To read the full brief, click here.
As part of IOM’s annual International Dialogue on Migration – dedicated in 2011 to the theme The Future of Migration: Building Capacities for Change – the IOM membership selected the topic “Climate Change, Environmental Degradation and Migration” as the focus of a workshop in Geneva, Switzerland on 29 and 30 March 2011. The workshop identified some of the main areas in which governments and institutions may need to reinforce their capacities to manage the complex interactions between climate change and environmental degradation and human mobility. The workshop was framed by the notion that a comprehensive approach to managing environmental migration would aim to minimize to the extent possible forced migration resulting from environmental factors; where forced migration does occur, to ensure assistance and protection for those affected and seek durable solutions to their situation; and, lastly, to facilitate the role of migration as an adaptation strategy to climate change.
The following four main areas for capacity-building received particular emphasis during the workshop: 1) Knowledge base and research capacity on environmental migration; 2) Capacities to devise solid legal and institutional frameworks to ensure the protection of those on the move for environmental reasons; 3) Capacities for comprehensive migration management policies to
tackle the multifaceted impacts of climate change and environmental degradation on human mobility; 4) Technical and operational capacities to support vulnerable populations and promote effective migration management in the context of environmental changes.
Recently, the IOM released dialogue number 18 “Climate Change, Environmental Degradation, and Migration” based on these workshop results.

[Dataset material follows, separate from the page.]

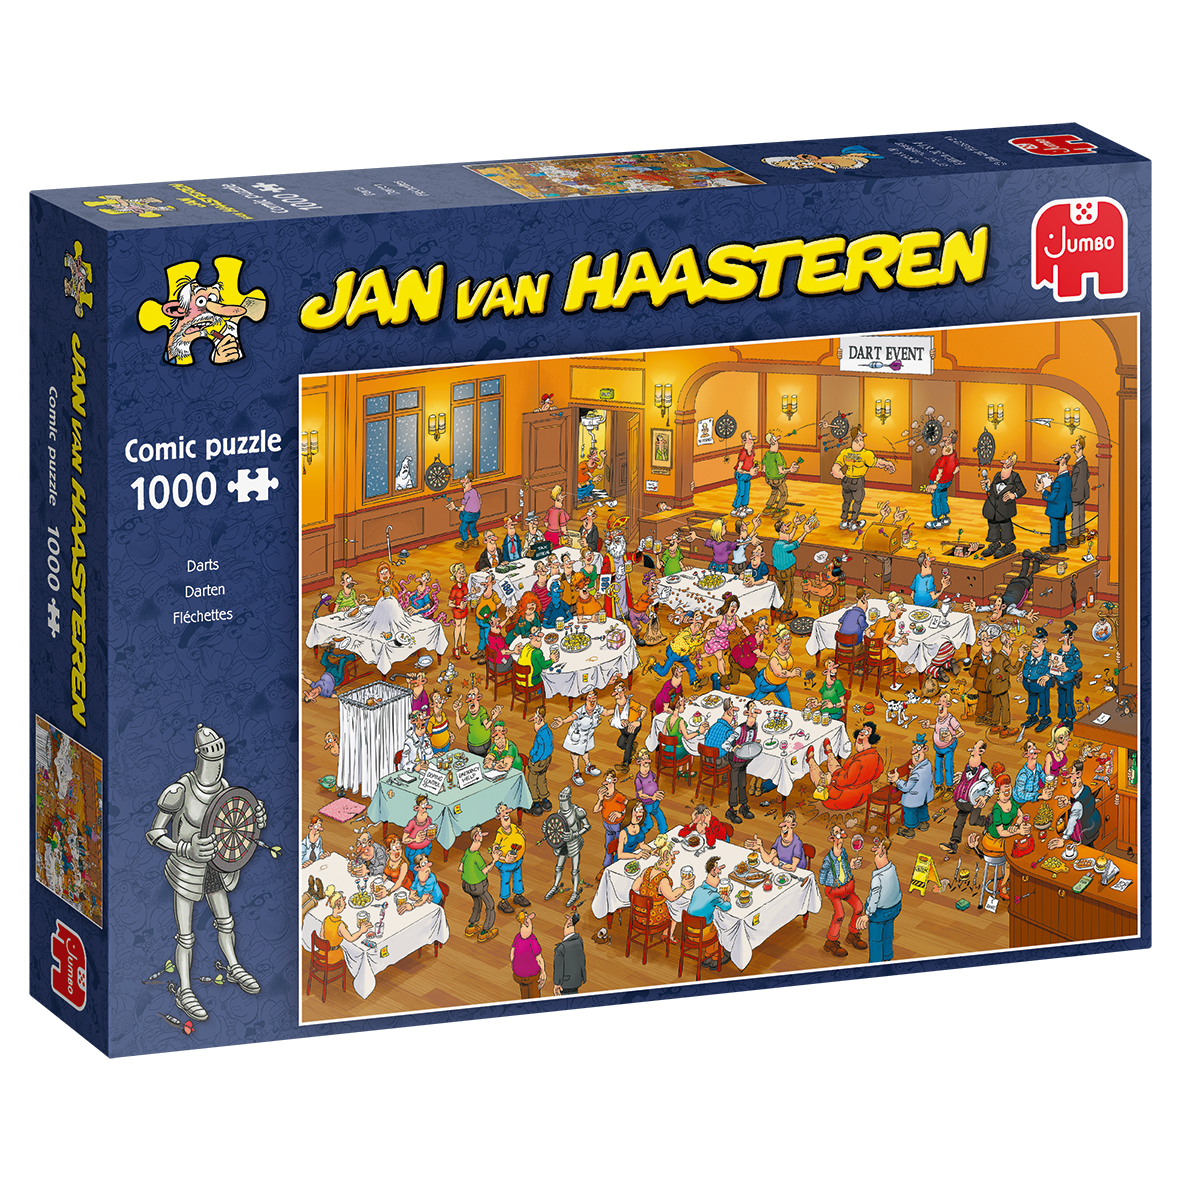 Jumbo Jan van Haasteren Darts 1000 зсы

The full report can be found here.
Table of Contents
- Chair’s Summary
- Workshop Report
- Scope and purpose of the workshop
- Deliberations and recommendations of the workshop
- Migrant’s Voice
- Agenda and Background Paper
- Useful definitions
- List of selected international legal and policy frameworks
(Responding to Climate Change) April 27, 2012 – While climate change and desertification can often go hand in hand, each one able to exacerbate the other, the role these two factors play in migration is starting to gain increasing prominence in research circles.
“When it comes to climate change we speak more on the impact of it on environmental degradation,” said Dina Ionesco, Policy Officer at the International Organisation for Migration (IOM). “And then it is the impacts of this environmental degradation on migration.
“We speak also on how migration has a climate change impact so viagra online we cover the full circle.”
Often referred to as ‘climate change refugees’ – although IOM steer away from this term and instead talk of ‘environmental migrants’ – once unheard of they are quickly becoming a phenomenon people are all to familiar with.
Just last month the Asian Development Bank warned that there could have been as many as 42 million environmental migrants over the last two years in Asia – as a result of extreme weather events.
And current estimates predict that by the middle of the century the world could see anywhere between 25 million and 1 billion climate related migrants.
The IOM defines environmental migrants as “persons or groups of persons who, for compelling reason of sudden or progressive change in the environment that adversely affects their lives or living conditions, are obliged to leave their habitual homes, or choose to do so, either temporarily or permanently, and who move either within their country or abroad”.